Since 1996 he participates in contests and group exhibitions, such as Exporsi and l'Arte è gratis.
gio.tore@libero.it


…beyond… , chalk, glass, ash, bandages, pigments, perfumed oils, sarcophagus cm. 100x200x60, glass showcase cm. 100x200x40, base cm. 40x20x100


SALA ROMANA

Roman room

The entrance to the Museum - named after its founder, the notary Camillo Leone (1830-1907) - is in the yard of a sixteenth century house, casa Alciati, surrounded by rooms decorated by frescoes with grotesque subjects and mythological scenes. The archaeological section can be found in the rooms designed in 1939 by Mr Cavallari Murat, an engineer who experimented here vanguard museum concepts with great scenic effect, with the purpose of rebuilding, through documents and artworks, the history of the town. The centre of the museum is its basilica shaped hall, coated in stone and green marble, where the Roman age objects found in and around Vercelli are kept.
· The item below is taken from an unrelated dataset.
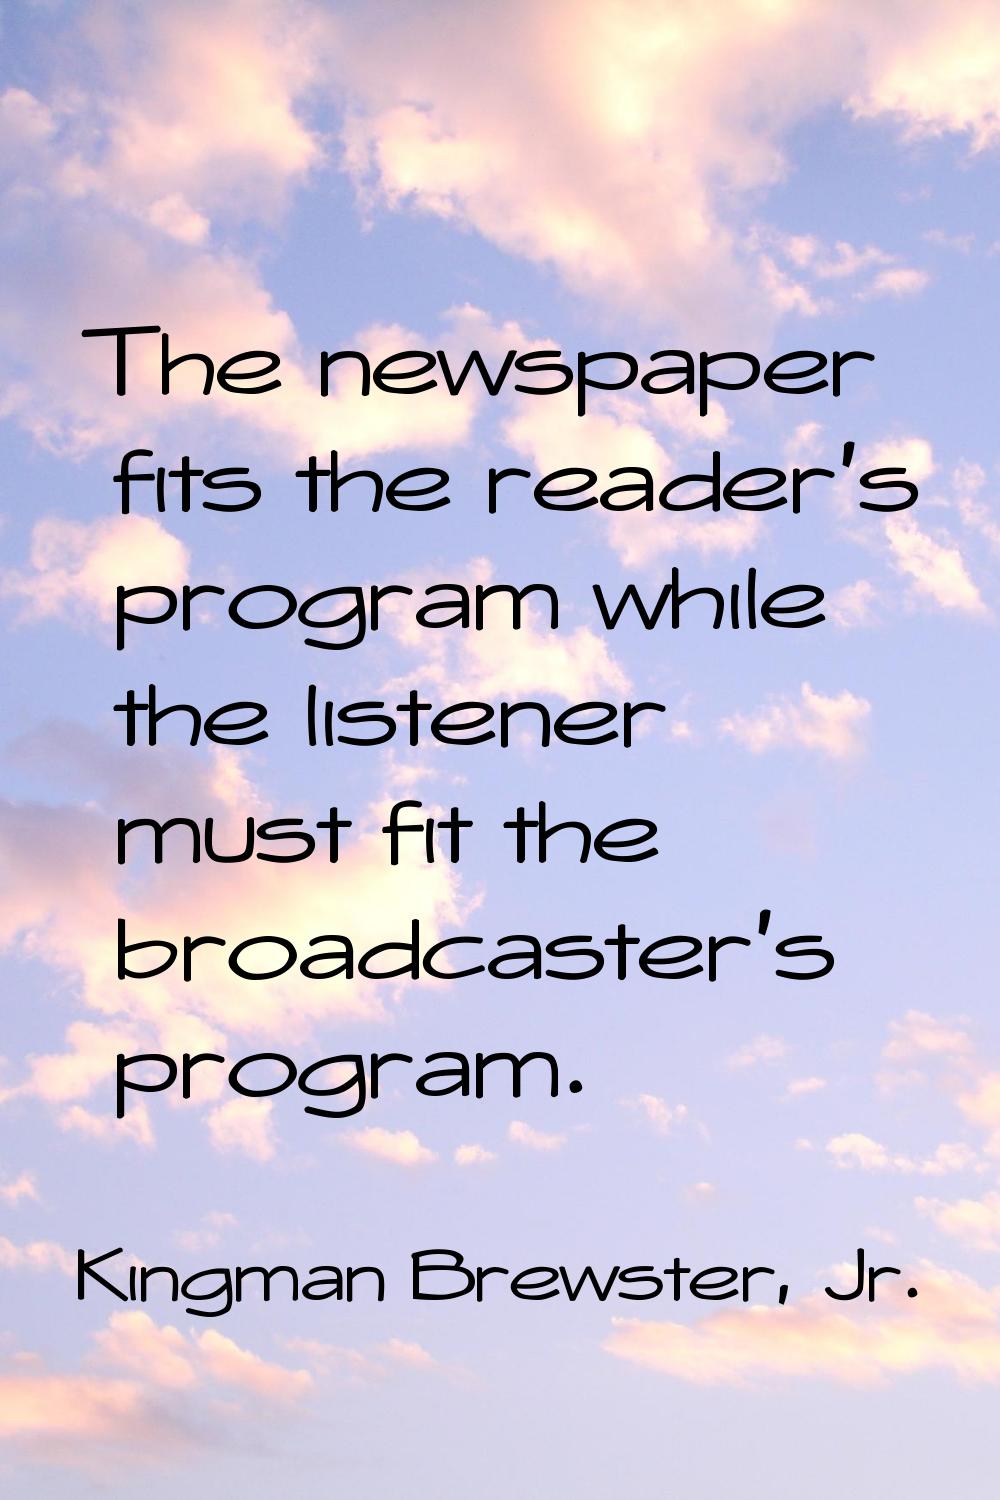 The newspaper fits the reader's program while the listener must fit the broadcaster's program.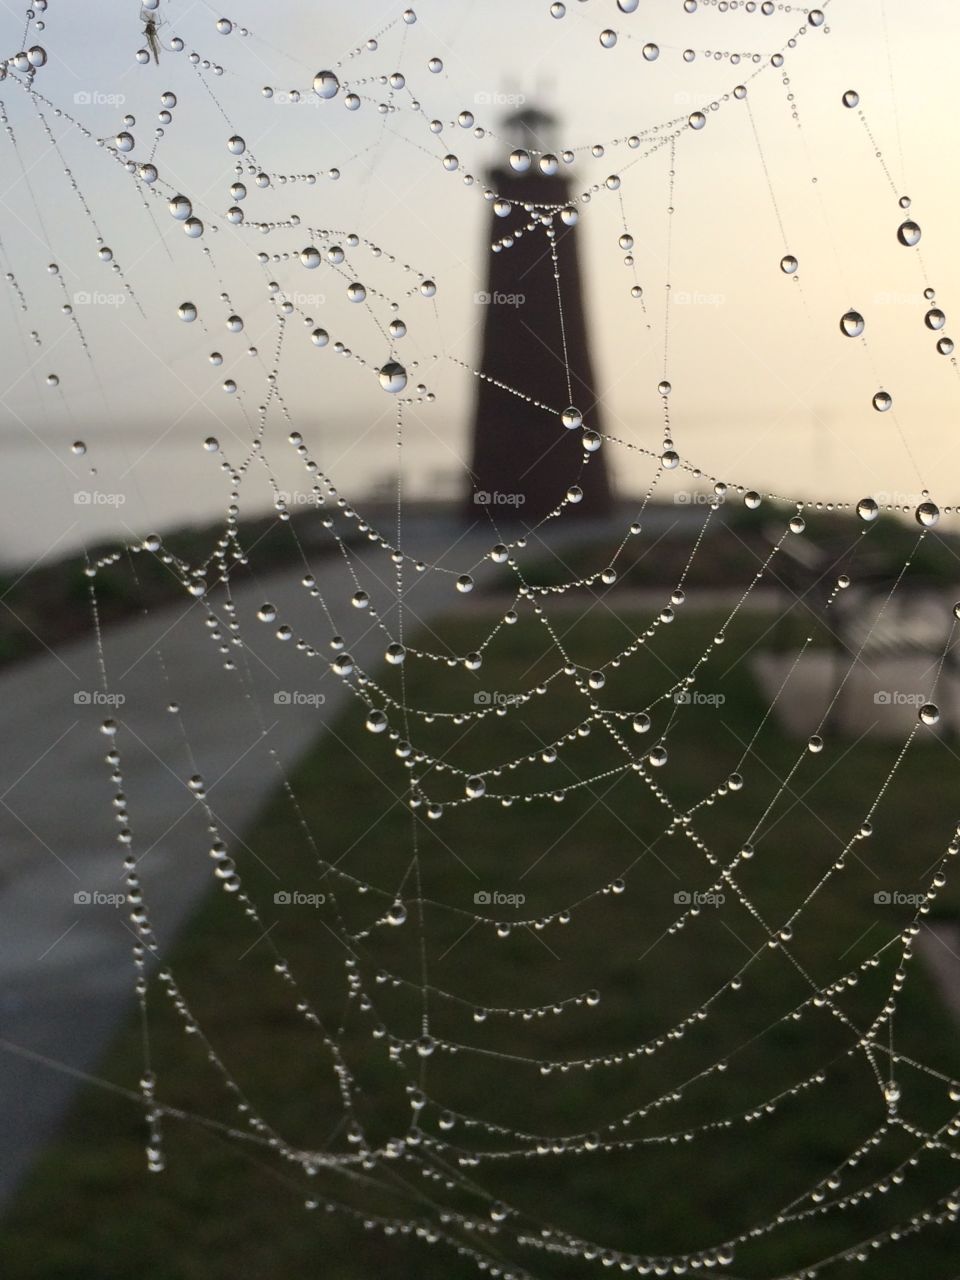 It seems that the spider wanted to catch a lighthouse in its web. That's how it looks on this side of it. But unfortunatelly it got flooded.

The monumental size and the didactic apparatus, enriching the decor, recall the celebration intents of the architecture of the Thirties.The itinerary for the visit to the museum continues in the rooms of palazzo Langosco, an eighteenth century palace which houses the decorative art collections: majolicas, glasses, textiles, wrought irons, weapons.


JESSICA VIOTTI

Jessica Viotti was born in 1979 in Vercelli. She took her diploma as a graphic designer. She obtained a certificate as an operator of the graphic sector and a multimedia editor. She is specializing in photography of the new technologies at the Riccardo Bauer school in Milan. Between July 2002 and March 2003, she exhibited the installations: Il Prato, Ricordi d'Autunno, La lavatrice-Esporsi H2O.